Your goal » Restate all the data word for word and omit the pictures.

Input data »

BEGIN

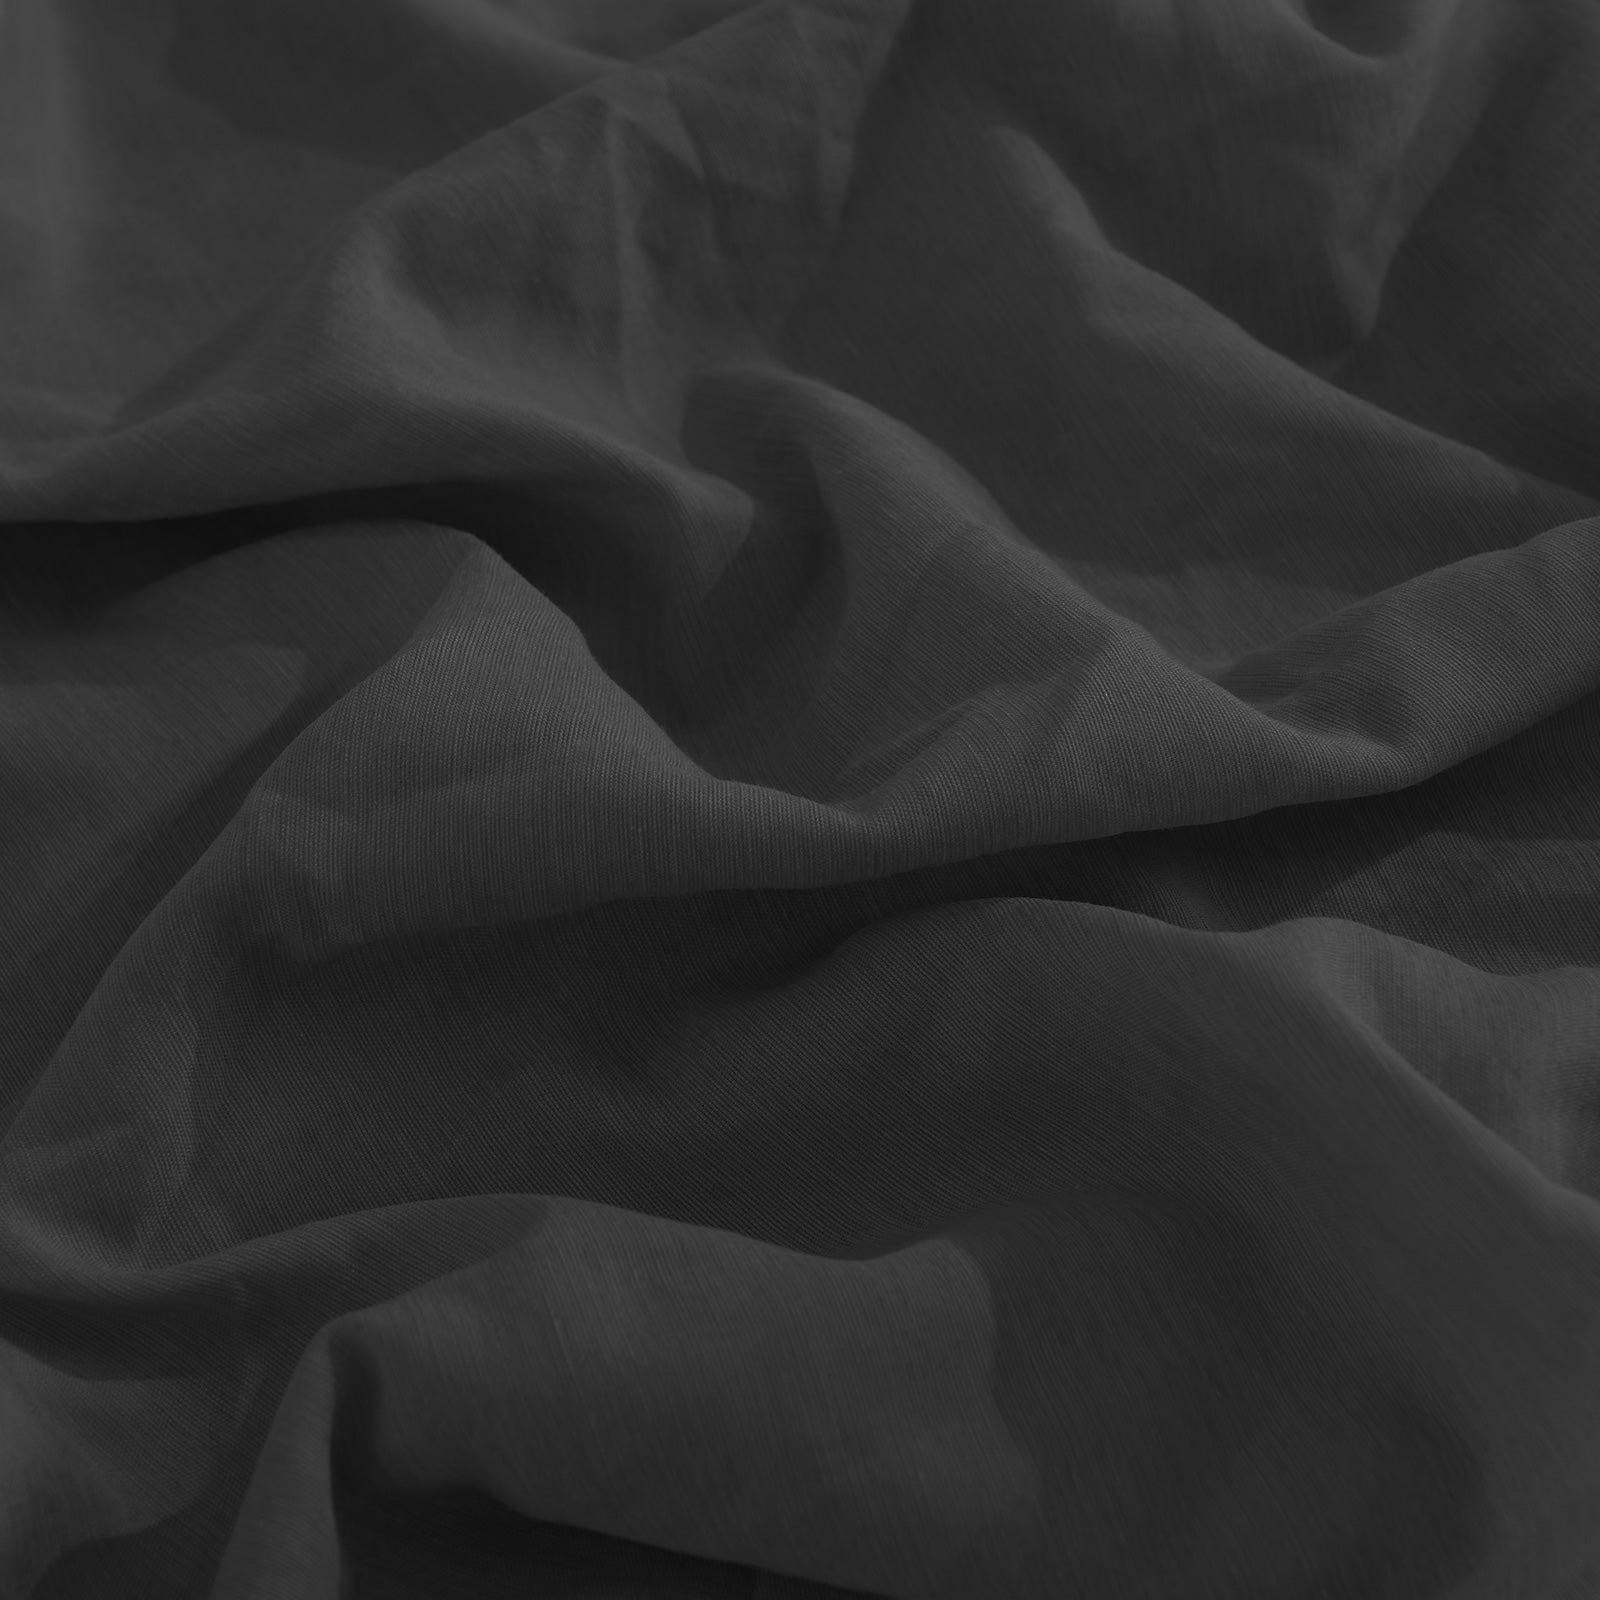 Royal Comfort Flax Linen Blend Sheet Set Bedding Luxury Breathable Ultra Soft Charcoal King Deals499
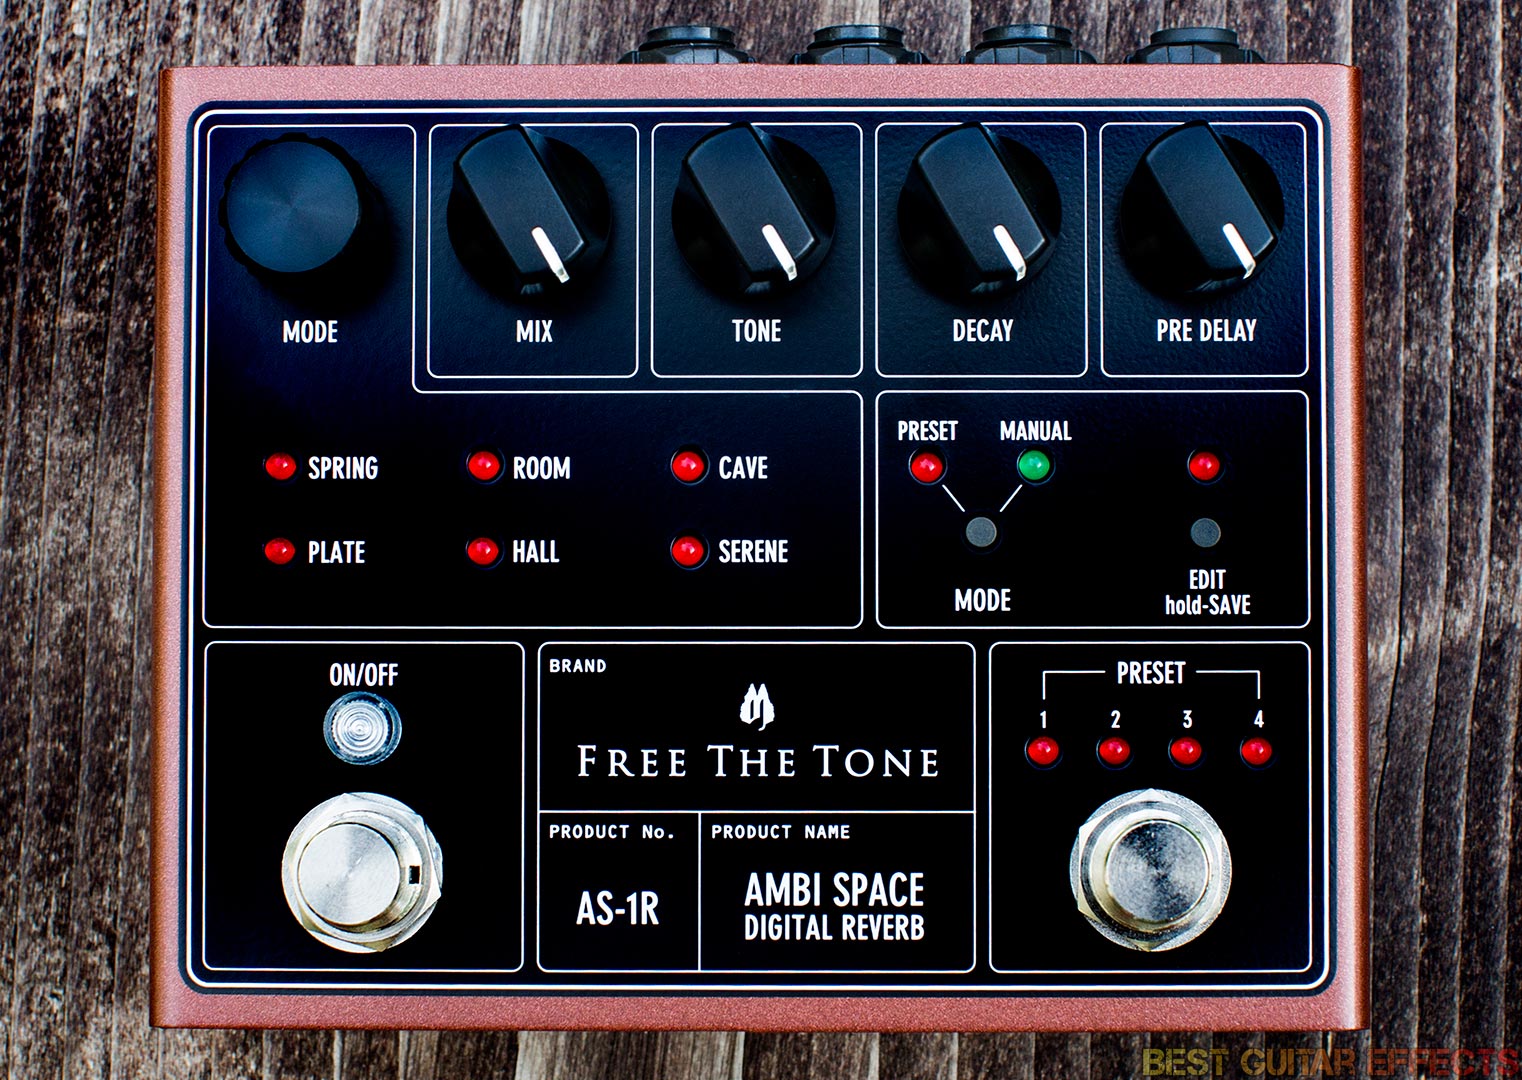 Free-The-Tone-AS-1R-Ambi-Space-Digital-Reverb-07.jpg
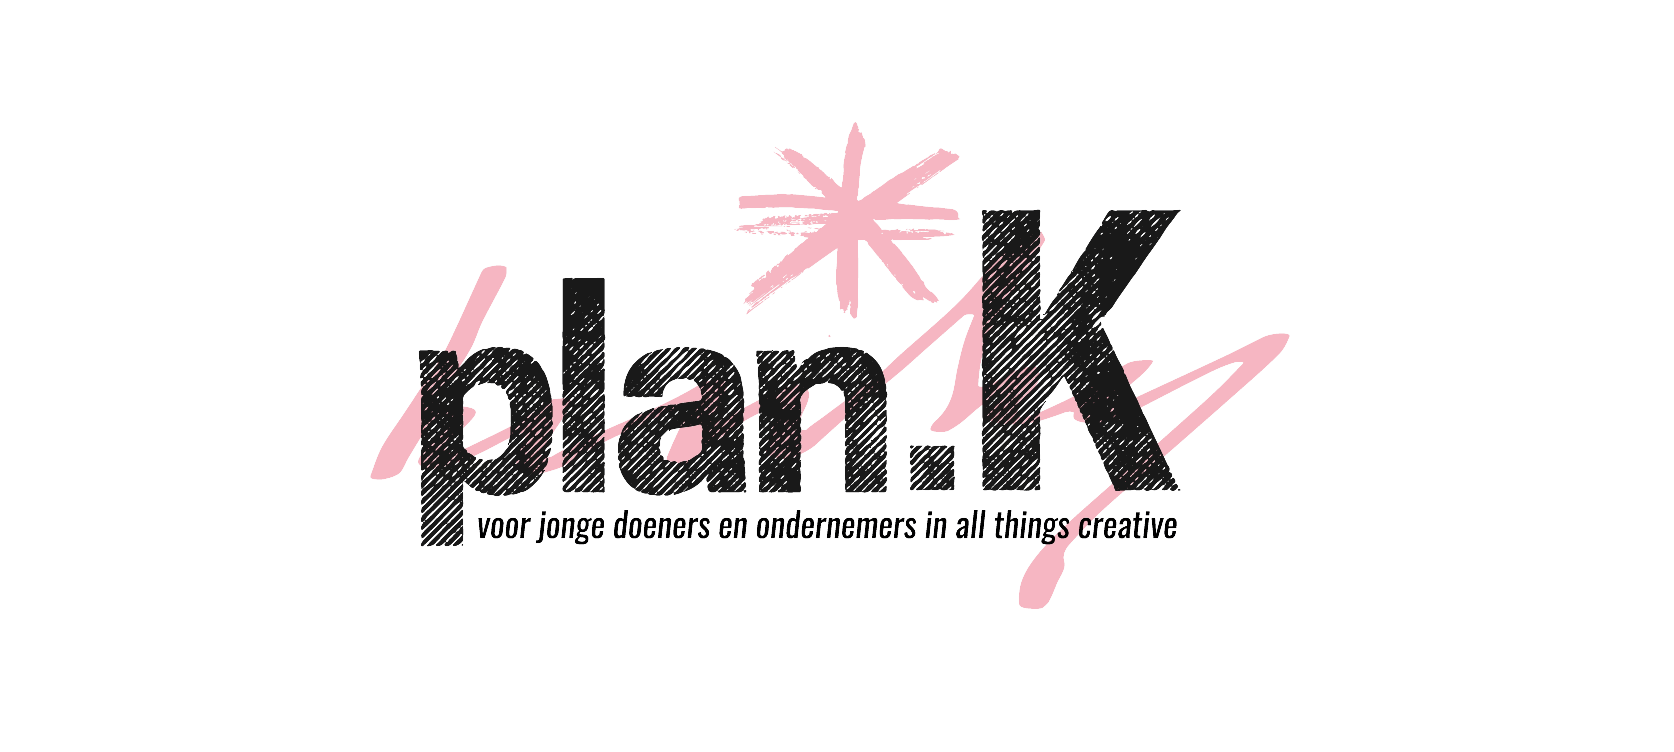 Het Plan K logo

END

Answer to this exercise »
 Royal Comfort Flax Linen Blend Sheet Set Bedding Luxury Breathable Ultra Soft Charcoal King Deals499
 Free-The-Tone-AS-1R-Ambi-Space-Digital-Reverb-07.jpg
 Het Plan K logo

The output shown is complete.